12. Upside Down Magic (#5 – Weather or Not) by Mlynowski, Myracle, and Jenkins – We started this series about Nory and her friends with “upside-down” magic last year. I love the metaphor about learning differences, and I love the messaging about how differences are really gifts. If you have a Harry Potter or Worst Witch fan, definitely give this series a try.
13. Sign of the Beaver by Elizabeth George Speare – After a friend shared that Sign of the Beaver was her little boy’s favorite readaloud ever, I knew I had to give this one a try. And there’s a lot here for adventurous kids to love as a young boy has to learn to fend for himself in the American West of the 1700’s. Matt isn’t all alone, though, after all, and his burgeoning friendship with Attean, a boy from the Beaver clan, reveals truths about the relationship between early settlers and Native Americans. If you’re learning about the Westward Expansion period of American history, this book is a fantastic companion to that unit.
14. Sweep: The Story of a Girl and Her Monster by Jonathan Auxier – I absolutely loved Jonathan’s Auxier’s The Night Gardener, so I was eager to read Sweep with my kids. Be warned that Sweep is a fairly dark account of the life of Nan, a child climber working under a wicked chimney sweep master in Victorian London.
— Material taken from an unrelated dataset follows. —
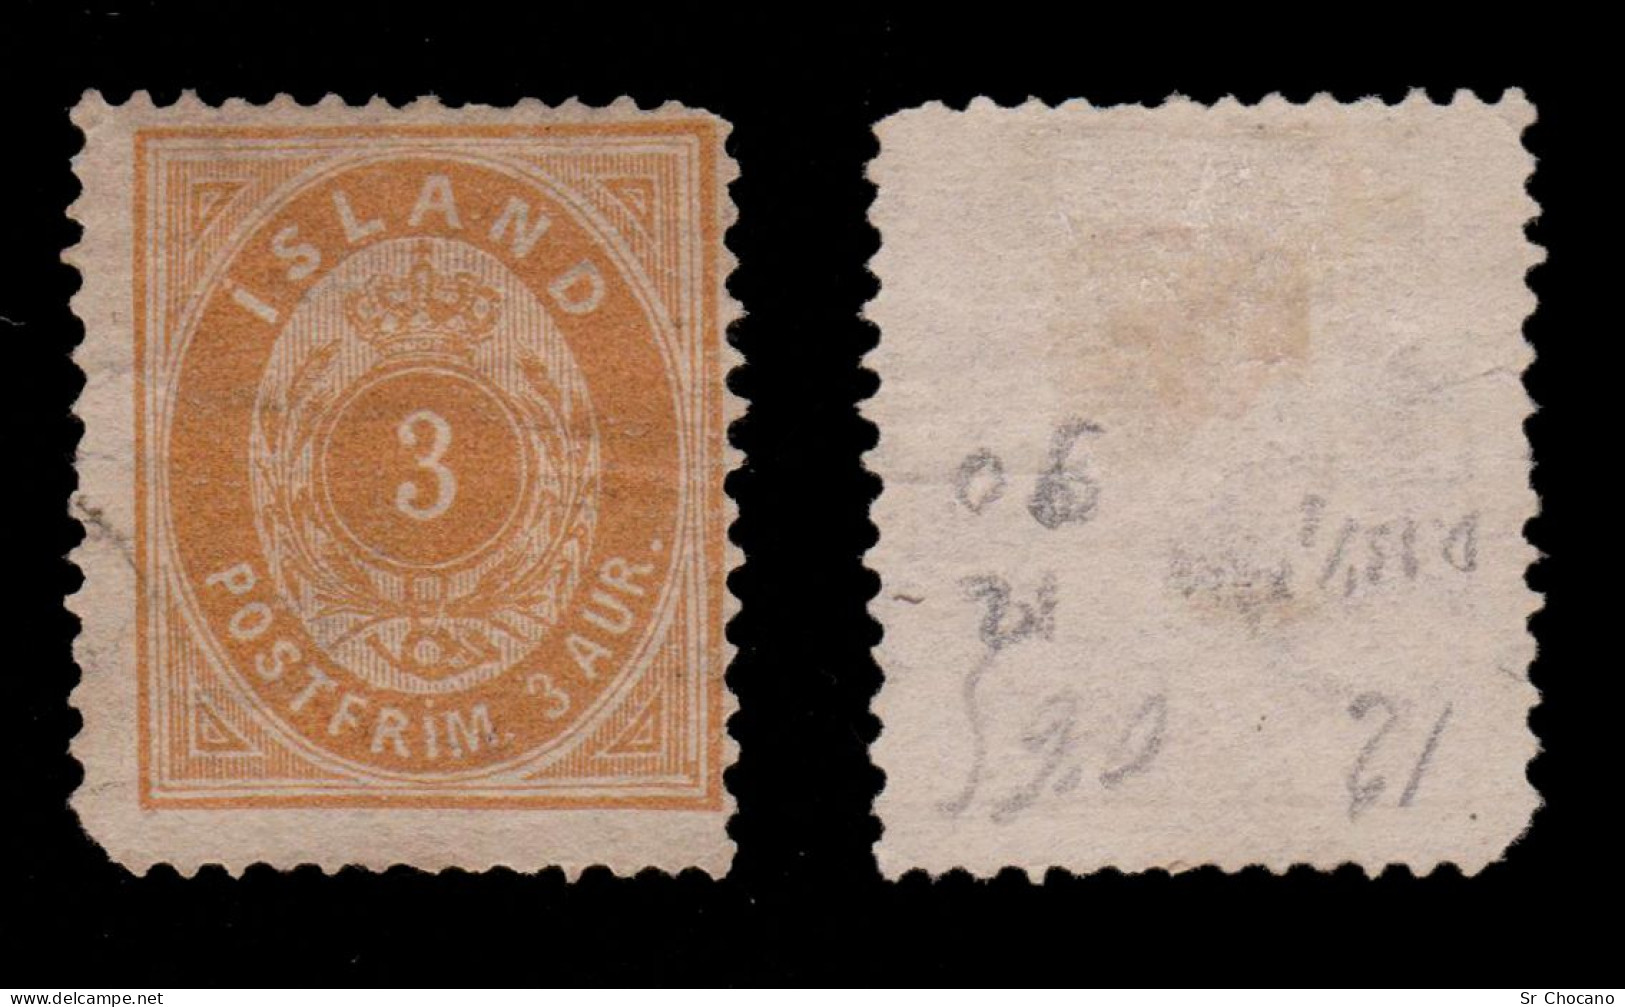 ICELAND STAMP.1882-98.3a .Scott.15.FINE USED.Perf.14x13 ½ - Usados

Nan’s life isn’t without love, though, and her relationships with those around her are a thing of beauty. Part historical fiction, part magical realism, I read this book through tears at times, but it’s so worth it to come to an appreciation of what it took to begin to end child labor.
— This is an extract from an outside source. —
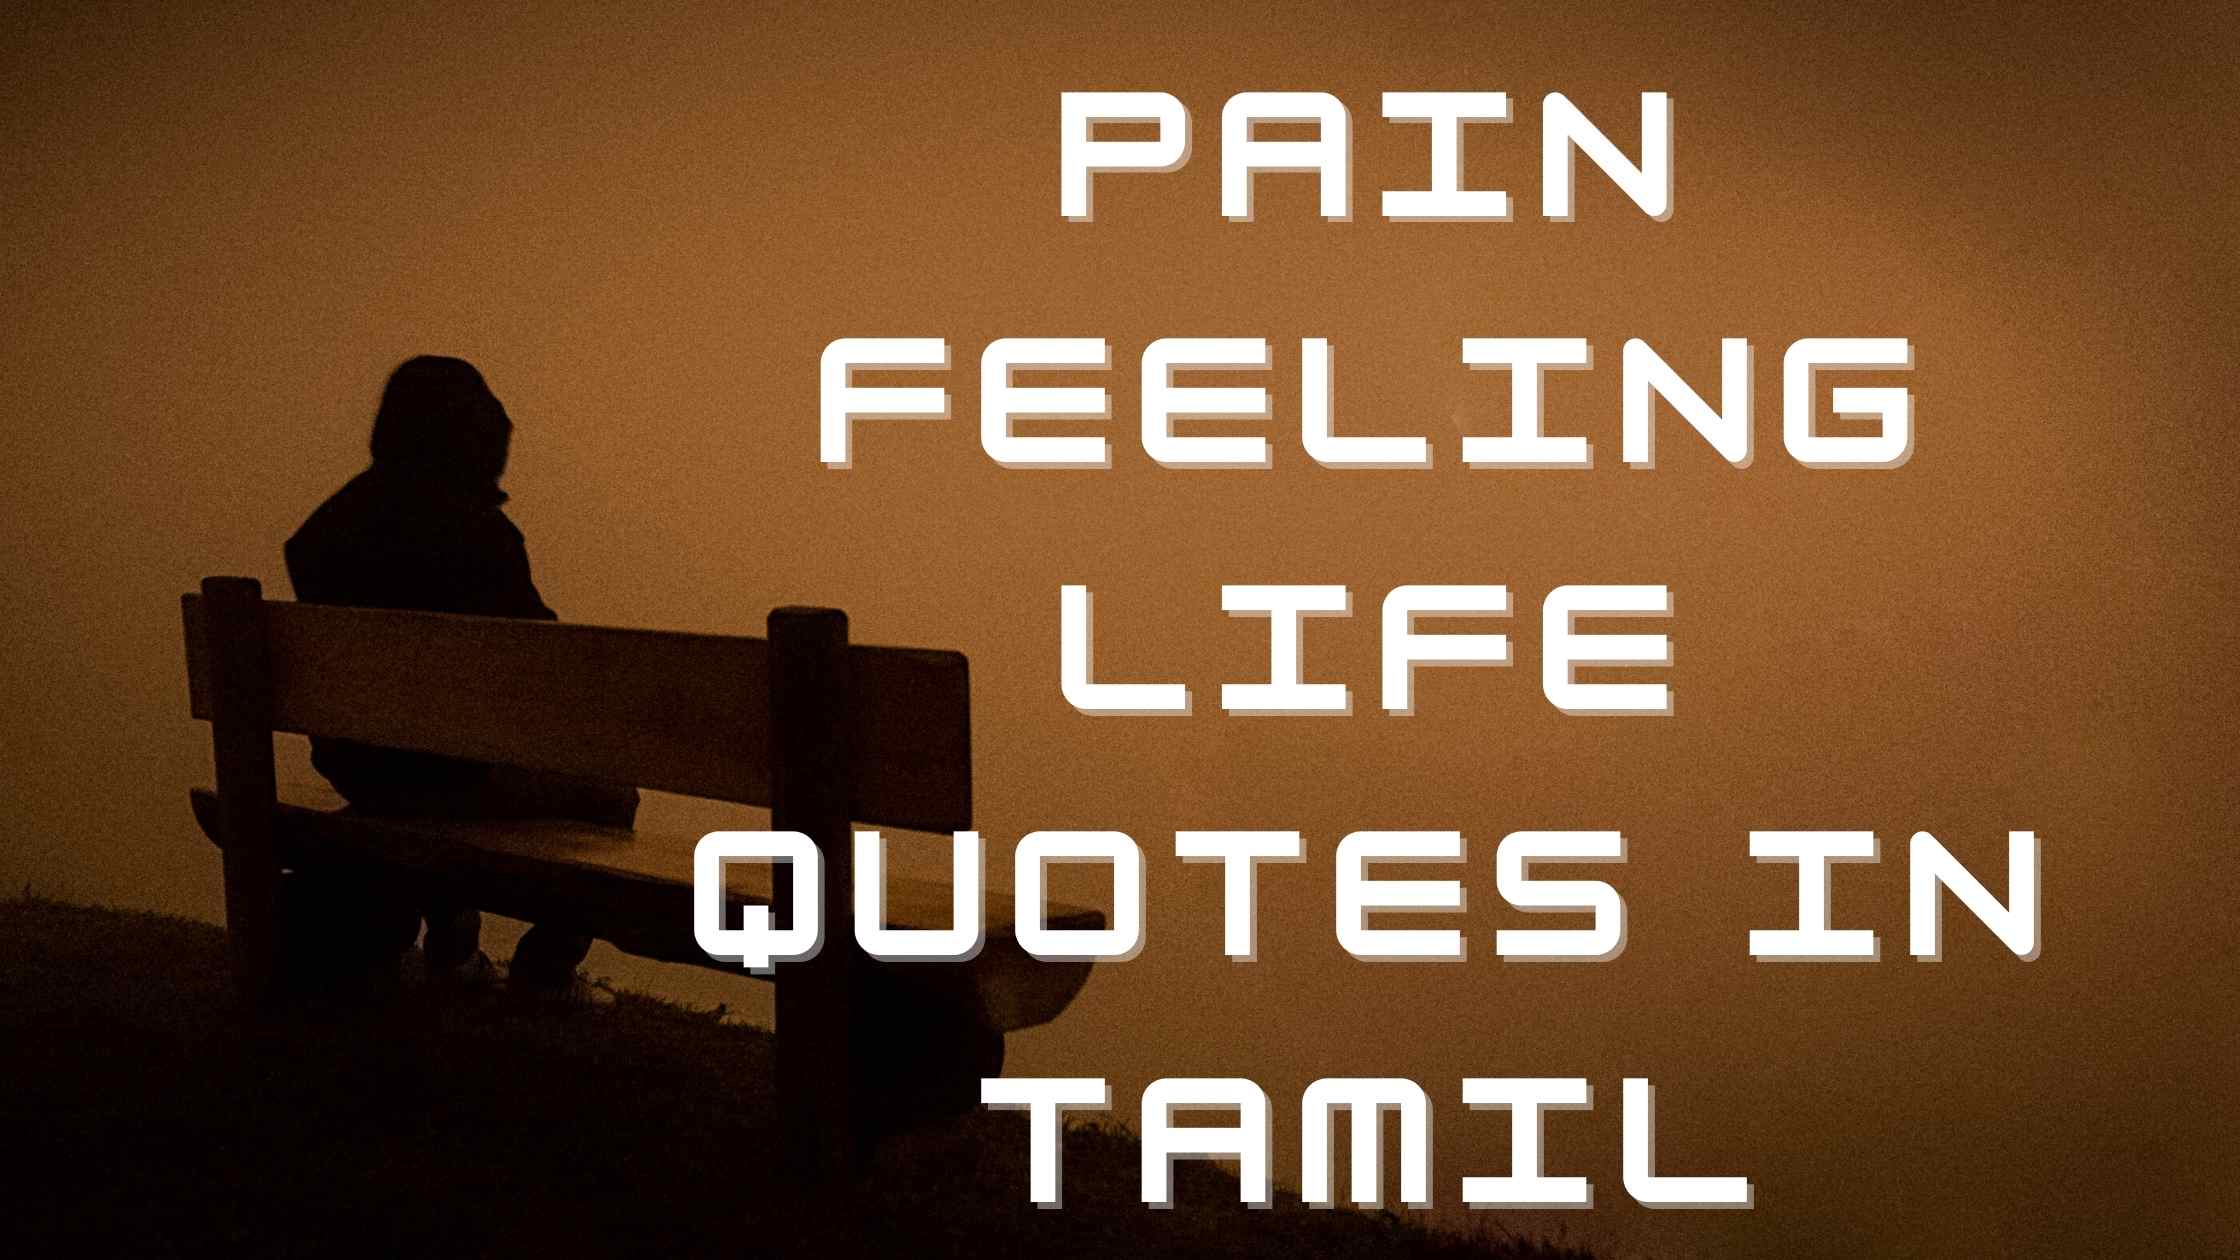 Pain Feeling Life Quotes in Tamil

15. Finding Serendipity by Angelica Banks – In this first installment of the Tuesday McGillycuddy series, Tuesday and her sweet little dog Baxter venture into a land of stories in search of Serendipity, Tuesday’s famous mother, who happens to be the author of some of the characters living in the realm of stories. It’s the perfect amount of adventure for third graders. There’s a little bit of danger and a lot of imagination involved, but nothing ever feels too scary. Try this one if you’re reading to storytellers, aspiring writers, or fantasy and adventure fans.
16. Wishtree by Katherine Applegate – Okay, this book’s narrator is a tree. But hang with me. This book’s author is Katherine Applegate, the same author who gave us The One and Only Ivan, and she’s got the chops to pull it off. Our hero tree, Red, has a special role in the community, and when bullies threaten a young Muslim girl and her family, Red makes a plan to help.
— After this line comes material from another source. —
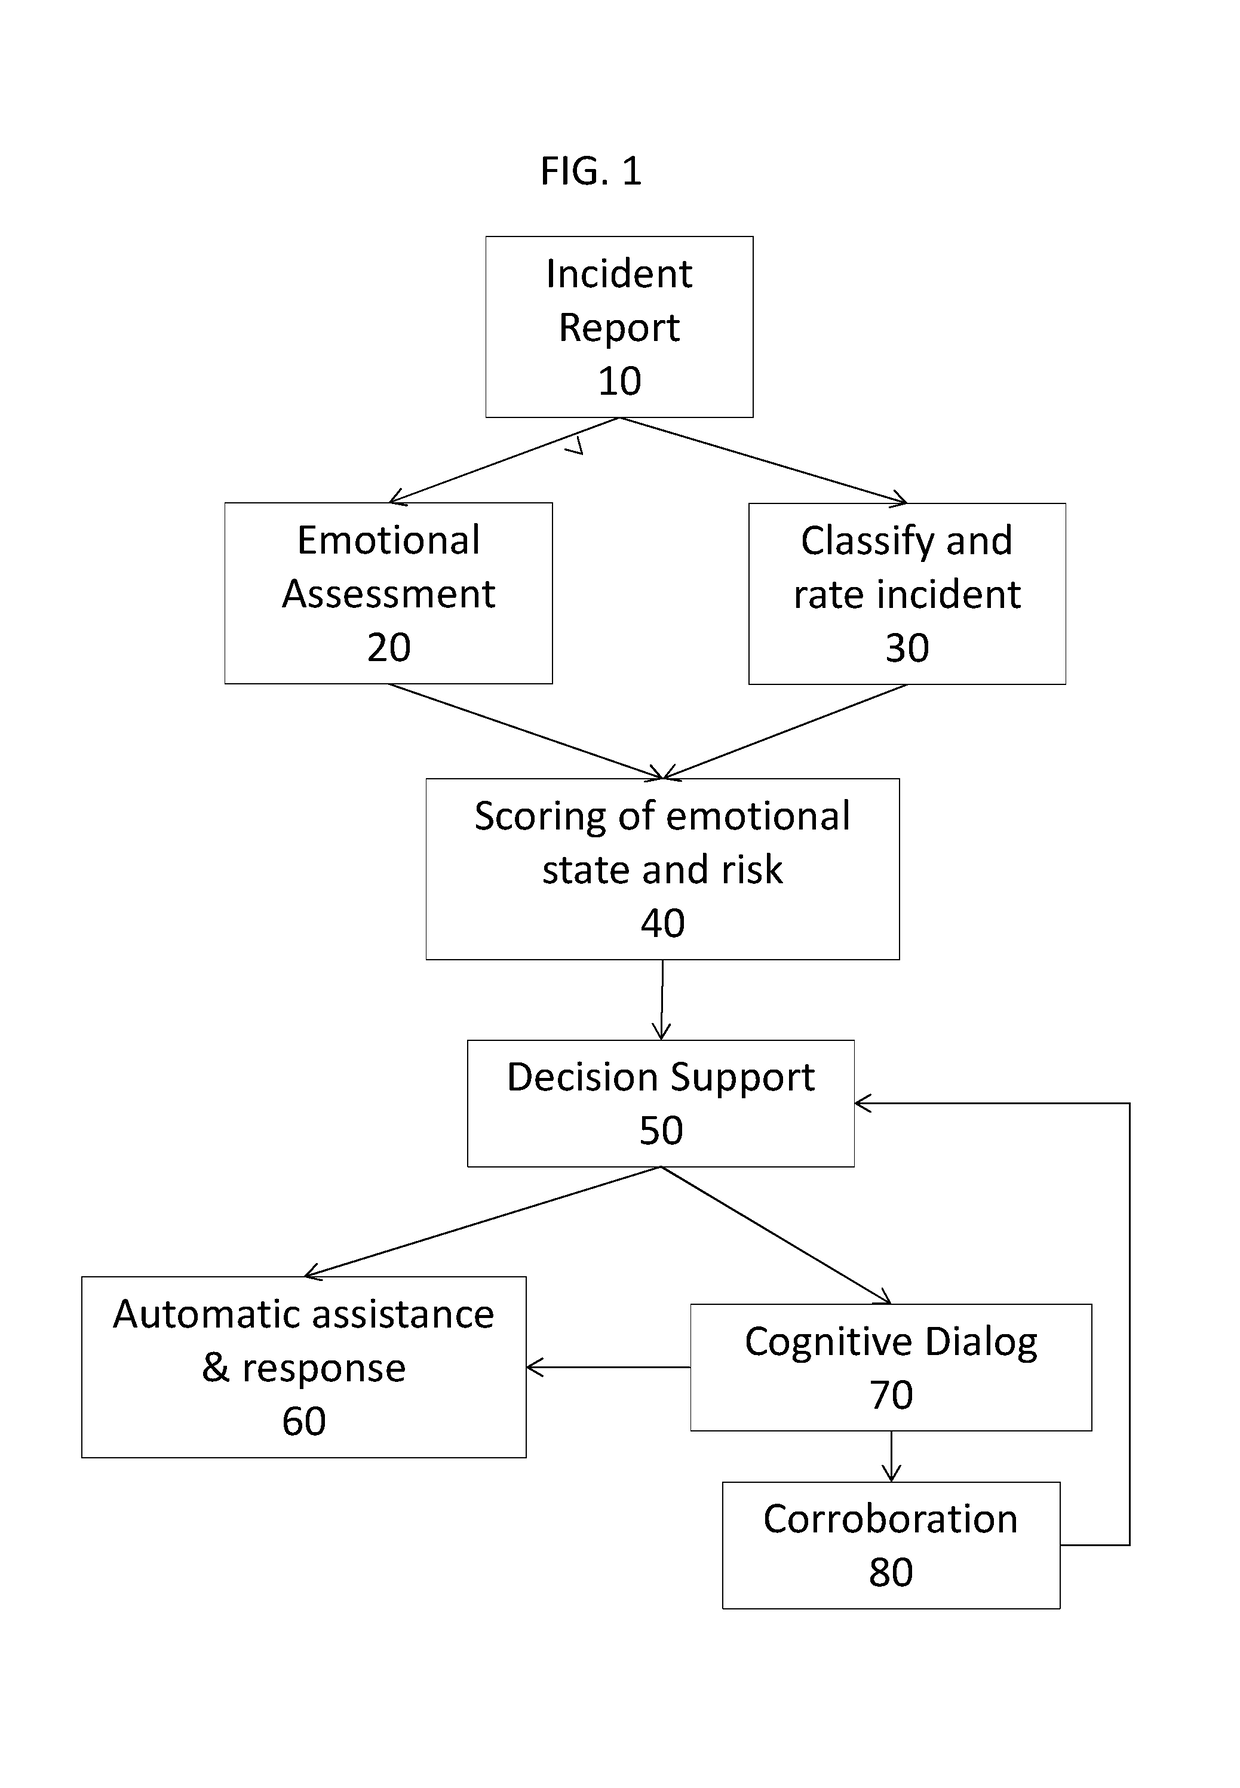 Personalized Situation Awareness Using Human Emotions and Incident Properties

Books We Started and Abandoned (But Maybe They’re Right for You)
- Wolf Hollow by Lauren Wolk – We hardly made it through any of this book before my kids were complaining of boredom. Ugh. But I’m not sure we gave it a fair shot, and I definitely want to give this multi-award winning book another shot one day. A book that’s drawn comparison’s to the themes and storytelling of To Kill a Mockingbird has to be pretty good, right?
2. Mysterious Benedict Society by Trenton Lee Stewart – Okay, this one is kind of long, but otherwise, I’m not sure why my kids didn’t want to finish this one. Maybe it was the lurking sense of danger that pervades the story of this team of genius children tasked with saving the world.
3. Nightbooks by J.A. White – We had to stop this one because the kids were having nightmares. That said, I loved reading it until they convinced me we had to stop. Alex is kidnapped by a witch in his apartment building. She’s letting him live as long as he keeps her entertained with his stories. (Reading the witch’s voice was so fun.)